Veronica smiled a delighted smile, a proud smile, and Mac loved it. It wasn't often she got to out-sleuth a sleuth. Sure, to her it was only a couple days work, barely a broken sweat to be found. But to those that weren't quite so fetishly attached to their computers, she was a freaking genius. She liked that.

Growing up, there hadn't been a lot of people she would call friends. Her eccentric tastes matched with her parents' bank balance had always kept her on the outskirts of most crowds. Her computer prowess had earned her a small following among the hackers and the hopelessly clueless, but it was never about her.

Somehow, with Veronica it was. Even if it was usually about computers, too. Still, there was something real about the girl. Something she hadn't seen very often before. It was nice, to have a girlfriend.

She had already called the sheriff's department and given them what information Logan had given her about the phone Veronica was using. They were in the process of contacting the provider, obtaining a warrant, and activating the trace. While she waited for that call though, she would do what she could to find these witnesses.

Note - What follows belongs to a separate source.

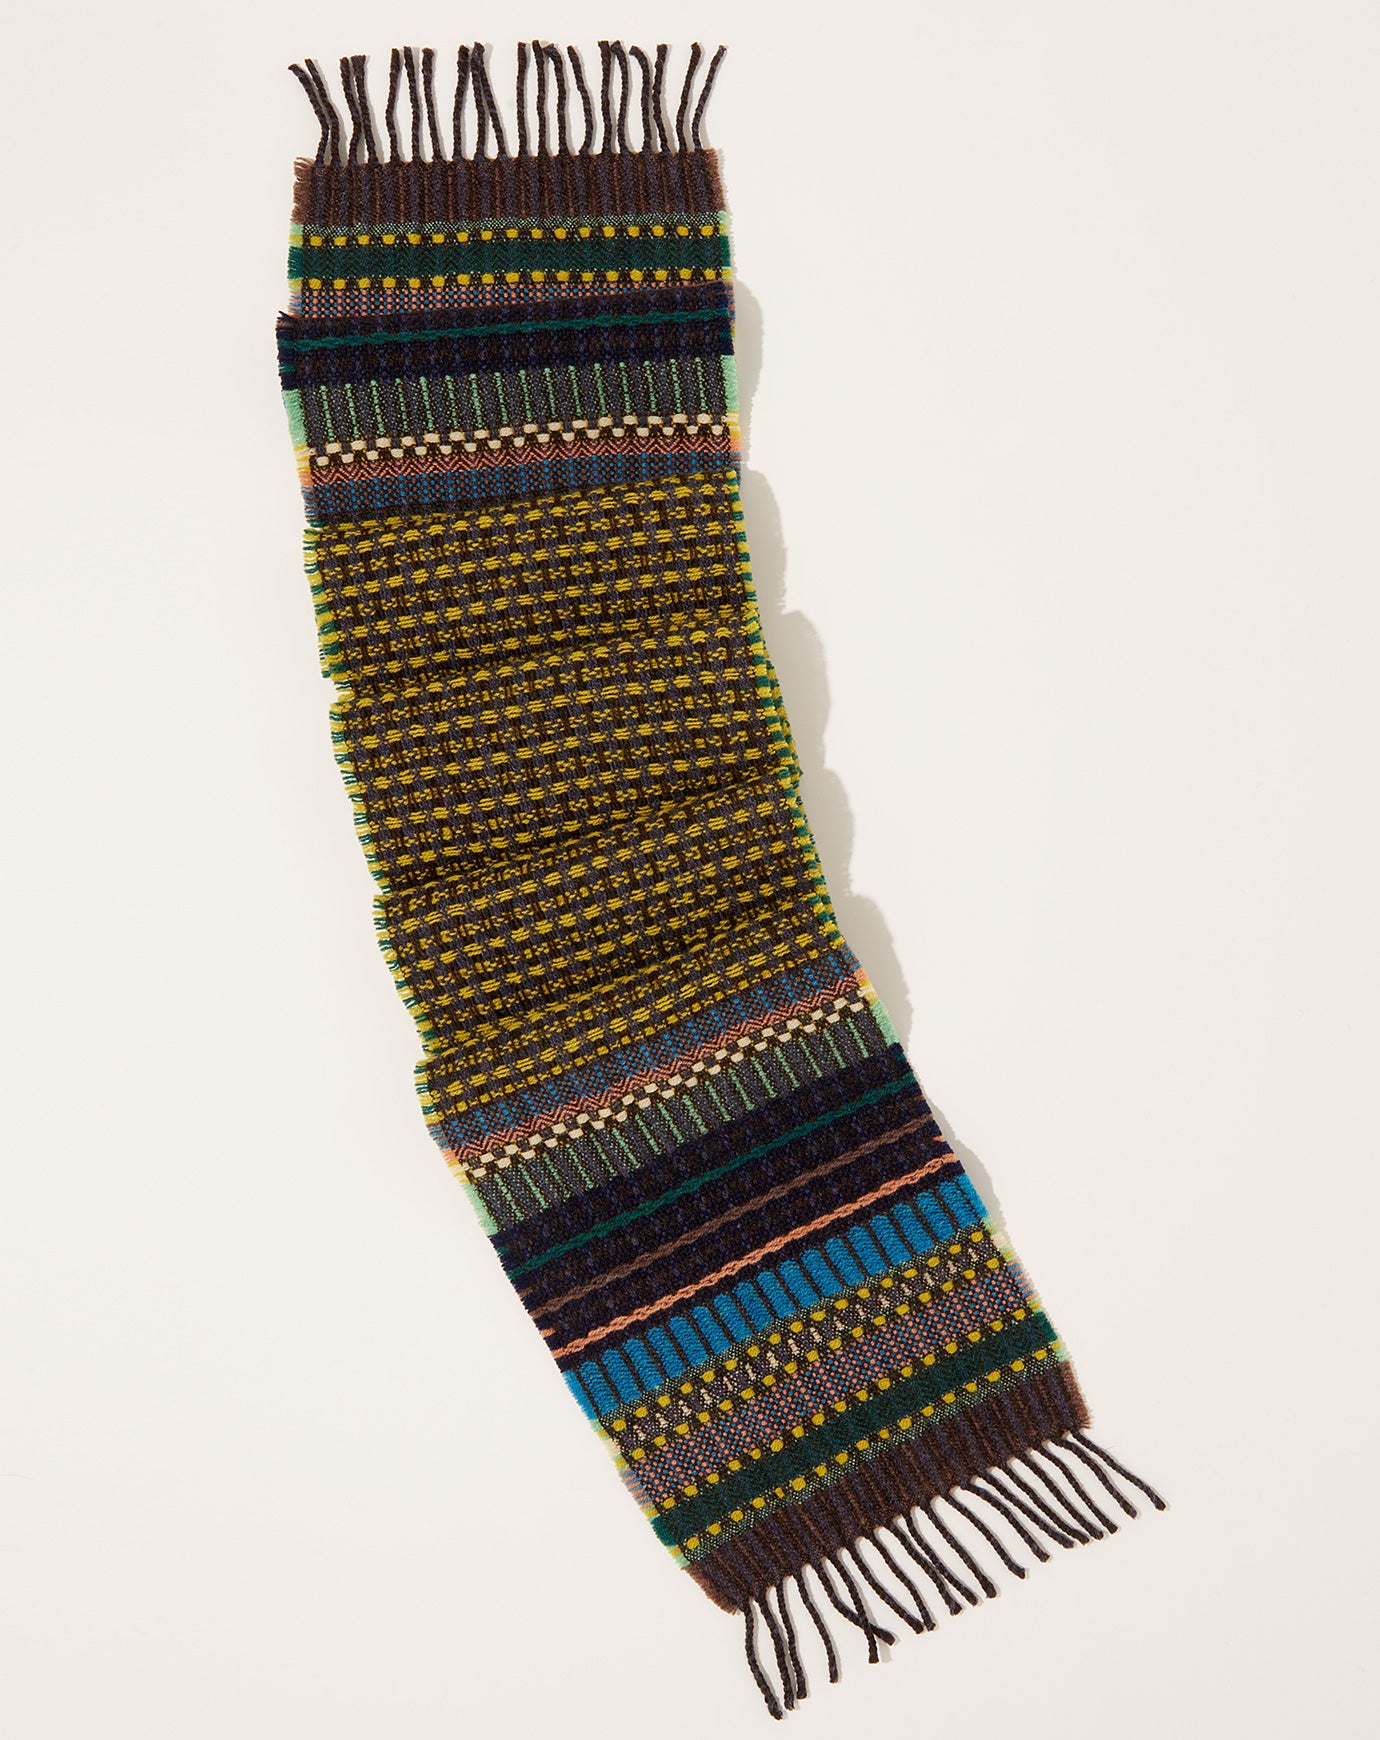 Wallace Sewell Fremont Scarf in Parakeet

So she looked into Goodman's past. He had been the owner of the Neptune Sharks baseball team (where Lucky had been a batboy). Before that he'd founded a very successful fast food chain.

Wait, what?

She'd been flipping through screens so quickly that she almost missed the small black and white picture in the corner of the window, the online newspaper article proudly proclaiming: "SHARKS LEAD WITH UNDEFEATED SEASON." What she hadn't noticed was that the picture hadn't been of grown men...

The ringing of the phone startled her, though the sound was quickly imbedding itself in her brain. Logan. Keith. Teachers. Reporters. The sheriff's department. All of them wanted a minute of her time tonight.

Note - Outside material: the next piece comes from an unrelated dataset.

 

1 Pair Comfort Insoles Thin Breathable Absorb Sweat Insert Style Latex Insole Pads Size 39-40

"Mars Investigations," she answered absently, hoping it wasn't another reporter. She was getting really tired of the reporters.

"Who's this?" Not the usual greeting.

"That depends. Who's this?"

"Weevil," the guy said, and she recognized the attitude. "What are you people doing, playing musical detective?"

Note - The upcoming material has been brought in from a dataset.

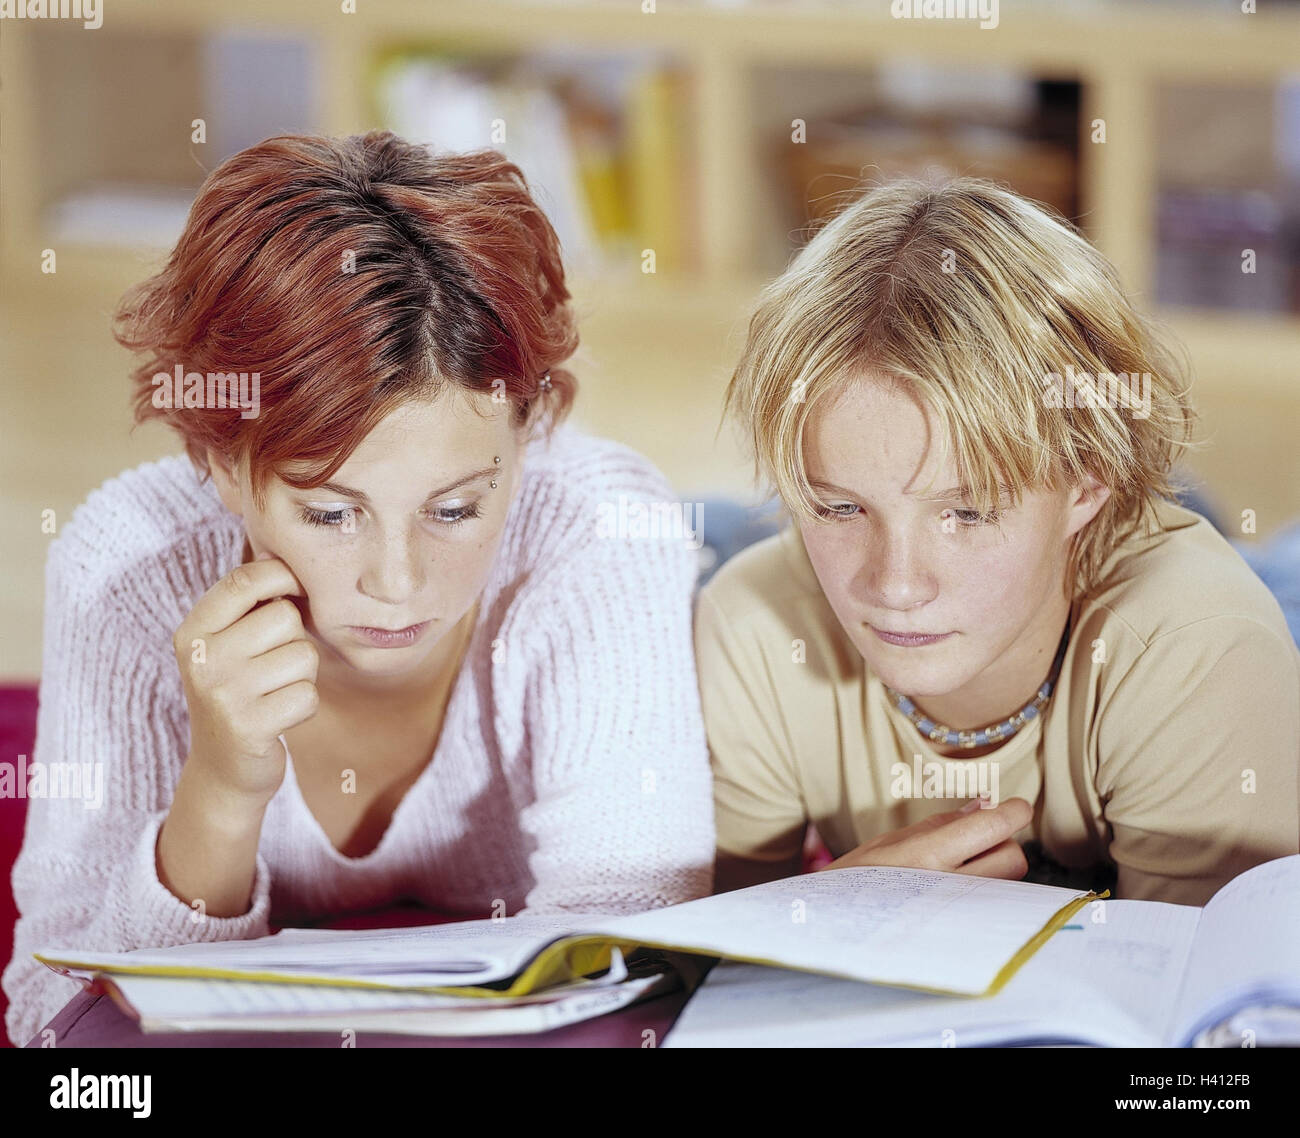 Friends Floor Lie Learn Bases Model Released Inside At Home Stock Photo Alamy

"Name's Mac. I'm running the computer on Veronica's rescue operation," she answered his first question, not even bothering with the second. "Is there a reason you called or are you just wasting my time for the heck of it? Veronica—"

"Left a message in Escondido," he finished, and her mouth snapped shut. "On a mirror. In blood. Pretty sure it was hers, too, so you'd best be telling me what's up."

"You first. What'd the message say?"

"Headin' east in a white Focus. Plate number TWV 668."

She sighed. They knew all that from the motel clerk's DMV records. Still, it was good to know Veronica had left breadcrumbs…even if they were in blood and bullet wounds. "We have an open line on a cell she's hiding," she said, feeling like she owed him an explanation. "The sheriff's department is working on a trace right now. Should have her location within minutes."

She could almost see the head nod in his silence. "Alright. Keep me informed."

He left her with his number and a few bits of sarcasm. Seemed vaguely inappropriate, but a little humor in an otherwise morose situation was more than moderately welcomed. When the phone rang again a minute later, she almost expected to hear his voice.

Instead she heard that of the deputy she'd talked to before. "Mac, I've got a couple gems for you."

She smiled. "Hit me."

Once she'd heard her fill and the line clicked, she dialed faster than she ever thought possible.